Comment Re:Not this bullshit again (Score 1) 170

If we are in a simulation, who is to say that this simulation accurately reflects the real world that's running it? If you were an NPC in Minecraft and your perceptions and life experience was entirely contained within the game, you would think that that was perfect reality.

The way I see it, the natural result of a simulation theory is a cascading sequence of less real realities where the residents of each think that theirs is real and eventually create simpler, abstracted realities for their games... which eventually hit a sufficient level of complexity to generate their own even simpler, even more abstracted realities. None of those child realities are perfect (despite the perspectives of their residents) though, and so you end up with a sequence where we can predict that the simplest reality is one that cannot yet run child realities, but we don't have any meaningful way to speculate about what the other end of that spectrum might look like.

Comment Another Explanation for this Trend (Score 1) 261

It's worth pointing out that Elad's "Less to More Regulation" label could be accurately changed to "Less to More US Production Expenses" without changing anything else on the graph.
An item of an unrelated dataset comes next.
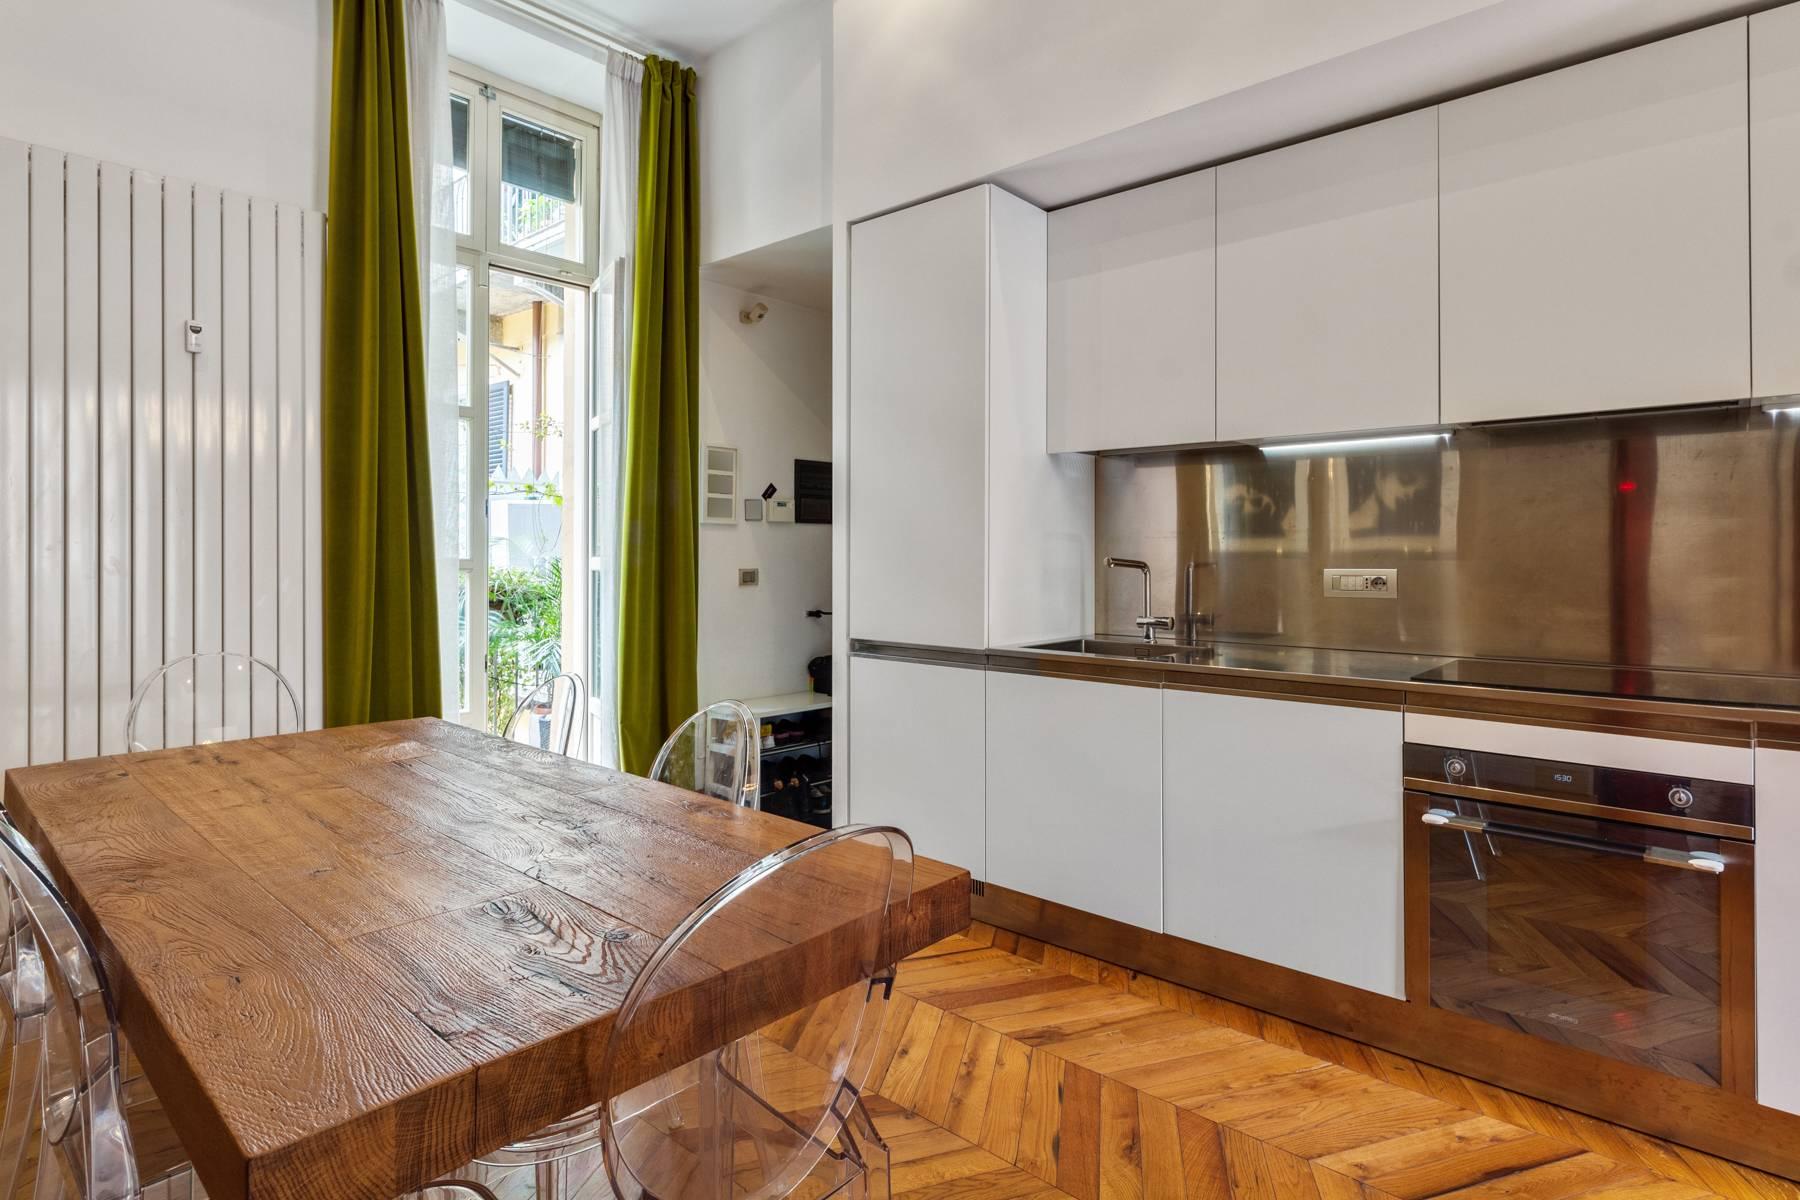 Appartamento in Vendita a Torino: 4 locali, 118 mq - Foto 4

There are *at least* two explanations for the trend that's been observed. This article strikes me as searching for data to justify an established view-point, rather than arriving at a conclusion based on the available data.

Comment Is there any uncertainty about what happened? (Score 2) 43

The answer to the question they imply is pretty clear on this one: the machine is flawed, but responsibility ultimately rests with the human operator whose entire job was to weed out that sort of flawed content. It doesn't matter if there was one article or a handful, any way about it, the human failed to manage the AI properly.

More interesting than "who's at fault" is the question of "why did the fault happen?" I suspect it's one of two situations. Either the human operator got lazy and stopped doing their job, possibly because the AI was so good that they grew complacent... or the human operator was completely overwhelmed by an incredible volume of AI generated BS and this stuff slipped through the cracks as they were busy eliminating the truly bizarre stuff. Either way, it says something interesting about the state of these AIs!

Comment Re:You are who you are. (Score 2) 68

Yeah, 100%. That paper I linked actually put a number to amount the justice system could save by refocusing on rehabilitation rather than revenge (and that's not even considering the additional taxes that rehabilitated people would pay): “for every $962 spent on academic education for inmates the criminal justice system will save $5,306 per inmate.” If you also consider the taxes that they'll eventually pay, such educational rehab services would literally pay for themselves.

Comment Re:You are who you are. (Score 5, Informative) 68

Take this one step further and you've got the demonstrably effective Scandinavian prison model: time in prison should never be a punishment, but rather a chance to get focused help for rehabilitation. They've got a ~20% recidivism rate vs. our ~70%, so I'm inclined to adopt that philosophy.

Comment Re:"Tessa was tested on 700 women... (Score 2) 117

This is some of the best "lying with statistics" that I've ever seen. The way that a normal person might see that statistic is that 57% of the testers gave it an entirely helpful rating (whatever that means). But, by reframing the numbers, they can get that "100% helpful rating" key phrase in there.